An equation between any two variables which straight line on a graph is known as a linear equation. In this equation, Ax + By + C = 0, where A, B, and C are neutrals and also A and B will not be together zero.
To prove this statement, let P(x_{1}, y_{1}), Q(x_{2}, y_{2}) and R(x_{3}, y_{3}) be nay three points on the locus represent by the equation Ax + By + C = 0. The coordinates of the points must satisfy the equation.
Hence,
Ax_{1} + By_{1} + C = 0 . . . . . . . . . . . . . . (i)
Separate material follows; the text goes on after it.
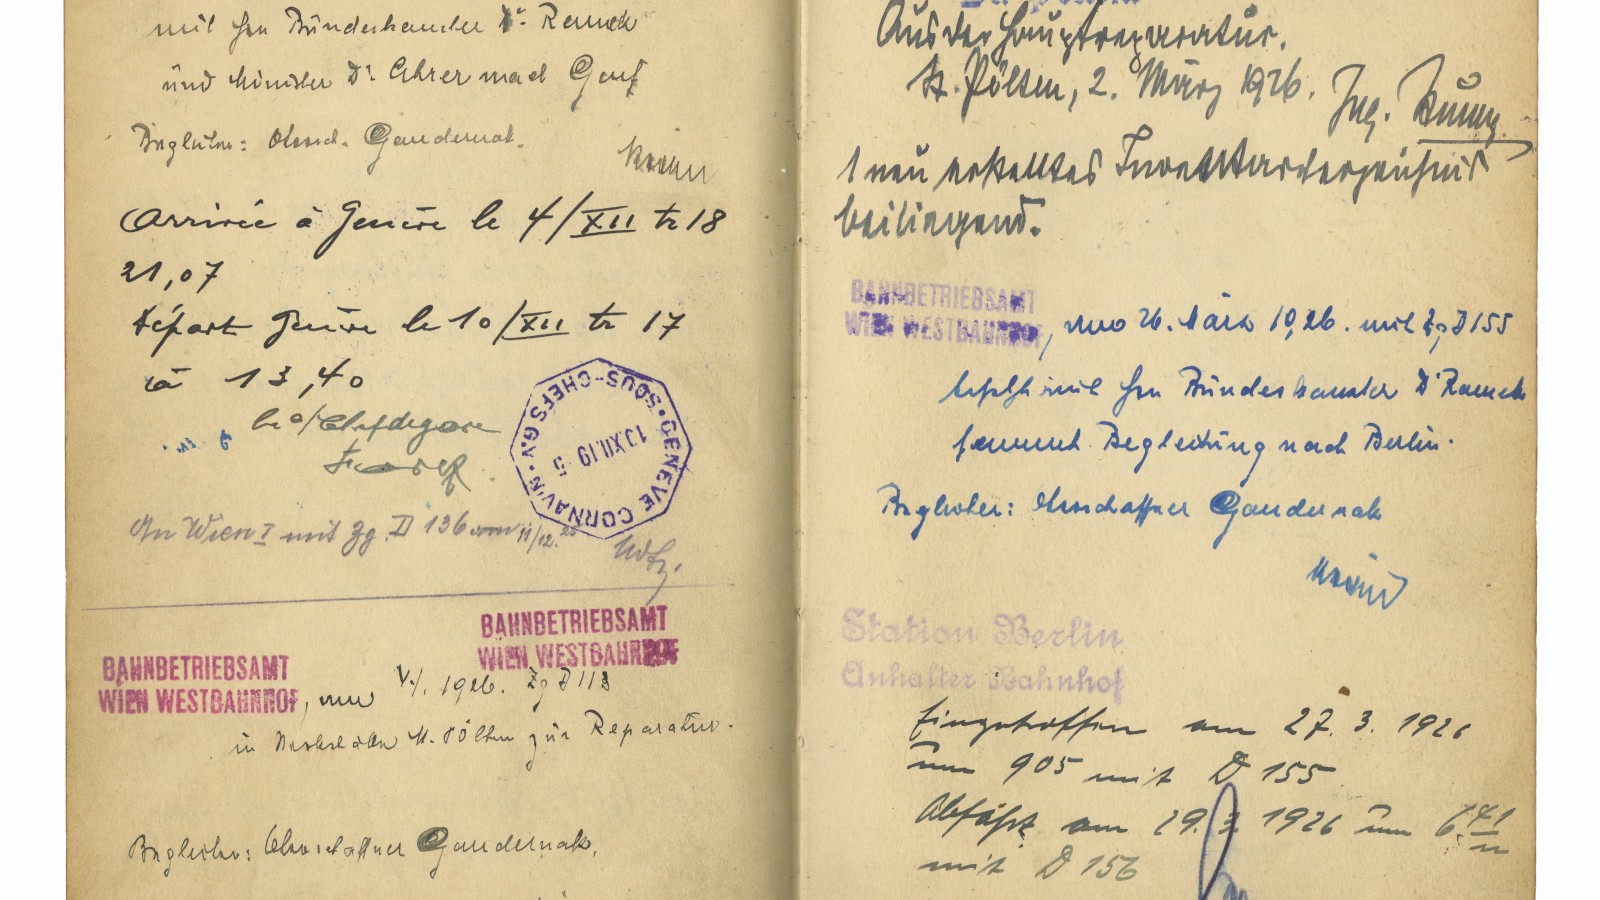 Doppelseite mit Eintragungen aus dem Kondukteurbuch, z. B. Fahrt von Bundeskanzler Rudolf Ramek und Finanzminister Jakob Ahrer am 3. Dezember 1925

Ax_{2} + By_{2} + C = 0 . . . . . . . . . . . . . . (ii)
Ax_{3} + By_{3} + C = 0 . . . . . . . . . . . . . . (iii)
Solving first two equations by the rule of cross multiplication, we get
\(\frac{A}{y_1 - y_2}\) = \(\frac{B}{x_1 - x_2}\) = \(\frac{C}{x_1 y_2 - x_2 y_1}\) = k (say)
∴ A = k(y_{1} - y_{2}), B = k(x_{2} - x_{1}) and C = k(x_{1}y_{2} - x_{2}y_{1})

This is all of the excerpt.